По поводу веры в Бога. У нас был механик, пожилой еврей, лет сорока пяти. Я увидел у него молитвенник. Даже улыбнулся, у моего отца был такой же. Отец воевал тогда связистом в артполку. Через какое-то время, у нас погиб комэск из 44-го полка, мой соплеменник. Мне всегда казалось, что он перед каждым взлетом шепчет слова молитвы, но напрямую его не спрашивал, что к человеку с глупыми вопросами лезть. Его раненый штурман, уже убитого, в кабине самолета привез. Я до сих пор не могу объяснить себе, откуда у меня, коммуниста-фанатика и атеиста, возникло желание отдать почести погибшему согласно национальному еврейскому религиозному обряду. Пошел поговорил с летчиками-евреями, все согласились принять участие. По обычаю требуется десять мужчин для участия в чтении поминальной молитвы. От моего полка со мной пошли летчик Толчинский, штурман Лисянский, инженер Кильшток, два технаря, и с 44-го полка было два летчика и два механика. Прогремел салют над могилой, все летчики двух полков простились с комэском и пошли в расположение части. Мы, десять человек, с покрытыми пилотками головами, остались рядом с могилой. Вышел к могиле пожилой механик с молитвенником, прочел молитву… Вот так схоронили боевого товарища… Никаких репрессий за «выражение религиозных национальных чувств» не последовало, хотя все видели, что мы делаем, и понимали смысл подобного поступка. Даже Меняев, уж на что антисемит был, и тот промолчал…
Но почему я тогда вспомнил о Боге? Не знаю…

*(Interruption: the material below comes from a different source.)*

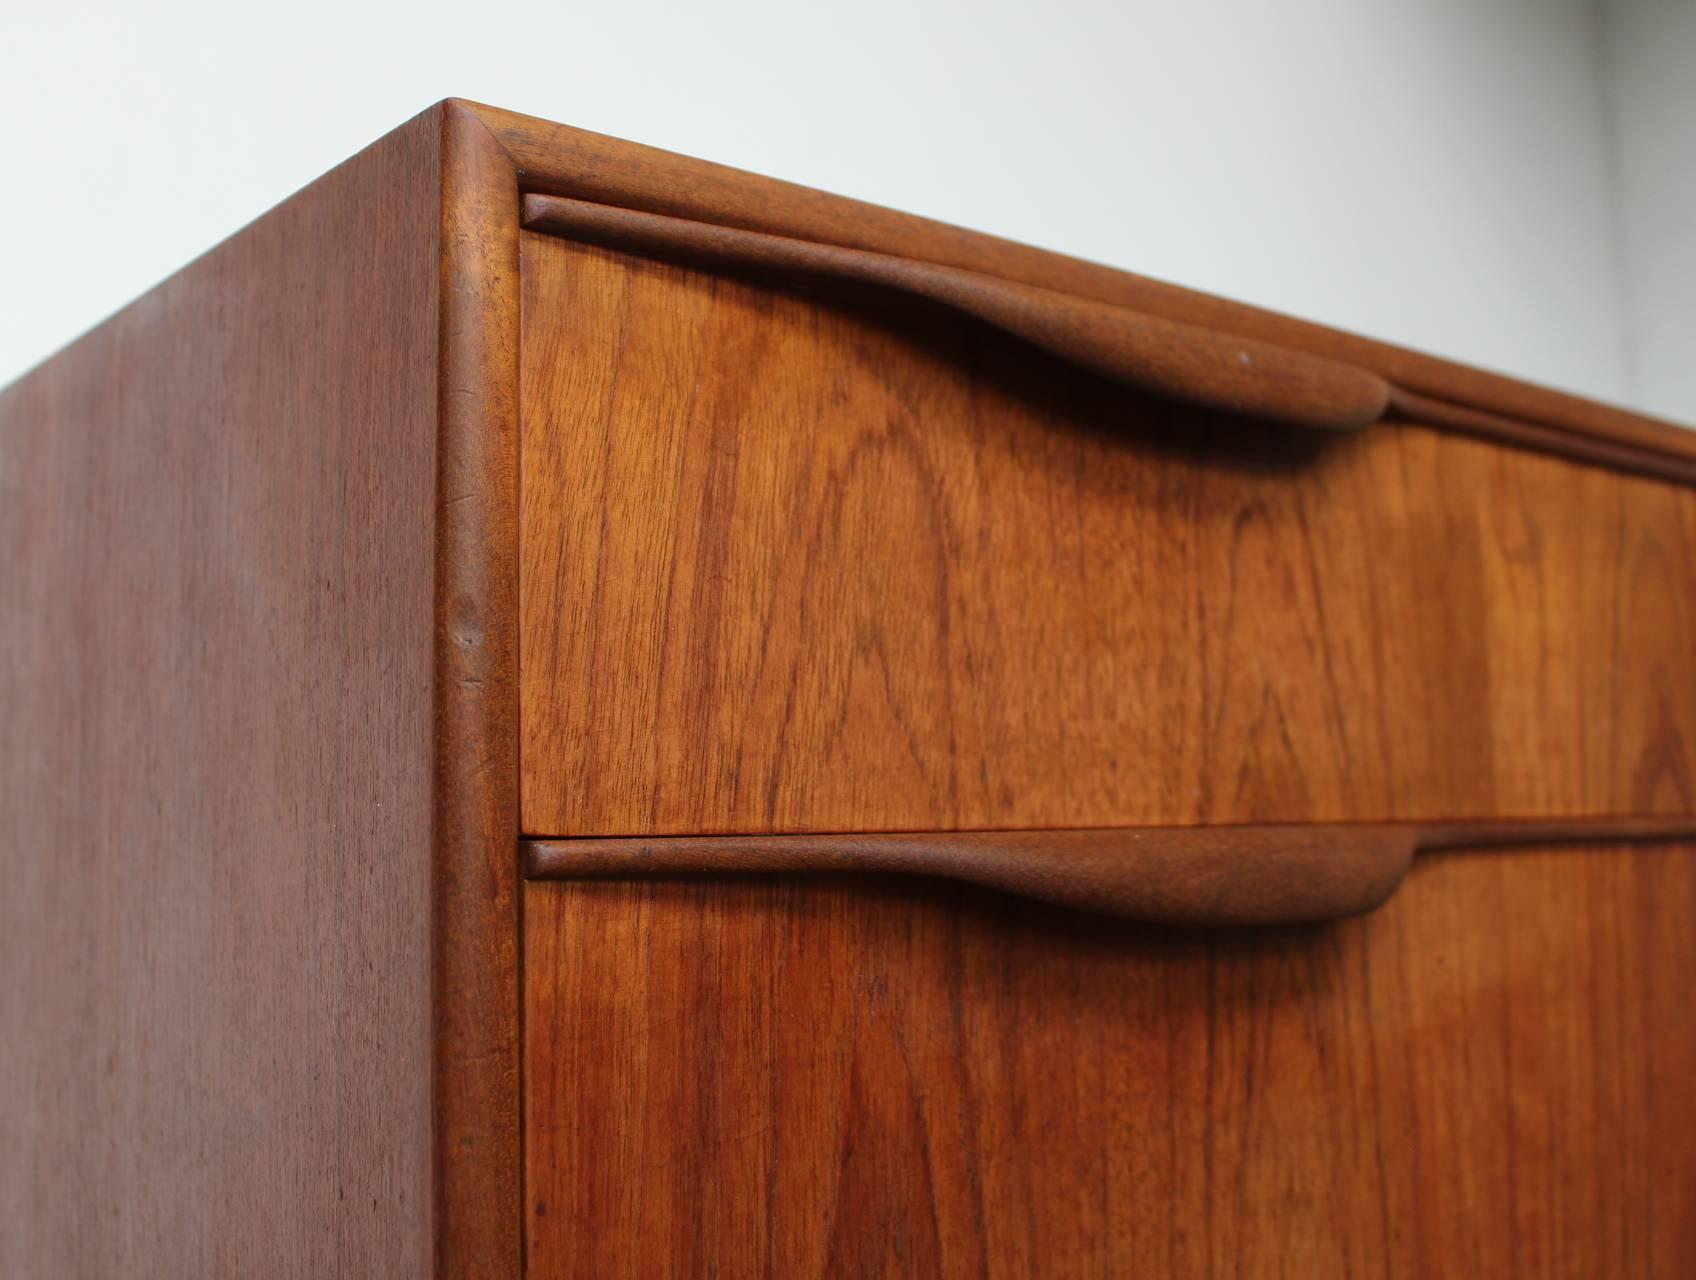 Scottish Sideboard in Teak by A.H. McIntosh & Co 1960s

— Особисты в авиации. Что это была за публика? Преследовались ли ими летчики, побывавшие в плену или в долгом окружении? Как относились к ним в авиаполках? Я знаю, что вы товарищей-«чекистов» люто не любите, они вас при Брежневе 15 лет подряд «прессовали», но сломить не смогли. И тем не менее объективно, если можно, по этому вопросу.
— Менее или более ответ однозначный. Никто их в авиации не уважал. Боялись их почти все, но за людей их не держали. Эти люди, облеченные большой, не по праву им данной властью, были просто бездельниками и сволочами, сачковавшими от передовой. Я думаю, многие фронтовики со мной согласятся. Что делает особист в авиации? Ничего! В пехоте или во фронтовом тылу у них были, возможно, важные функции, но в авиации? Перелеты к врагу предотвращать? Так у нас, если бы кто хотел к немцам уйти, мог это легко и очень просто сделать. Вылеты ночные, одиночные, садись в немецком расположении и сдавайся. Только я ни одного подобного случая измены в нашей дивизии не помню. Наоборот, люди полка, севшие на вынужденной в немецком тылу или сбитые на немецкой территории, отстреливались до последнего патрона, оставляя его для себя, но в плен не сдавались. У нас почти все летчики полка имели гранату-«лимонку», чтобы себя подорвать при угрозе пленения. Я серьезно, такой был «обычай» у многих, держать гранату при себе на этот случай.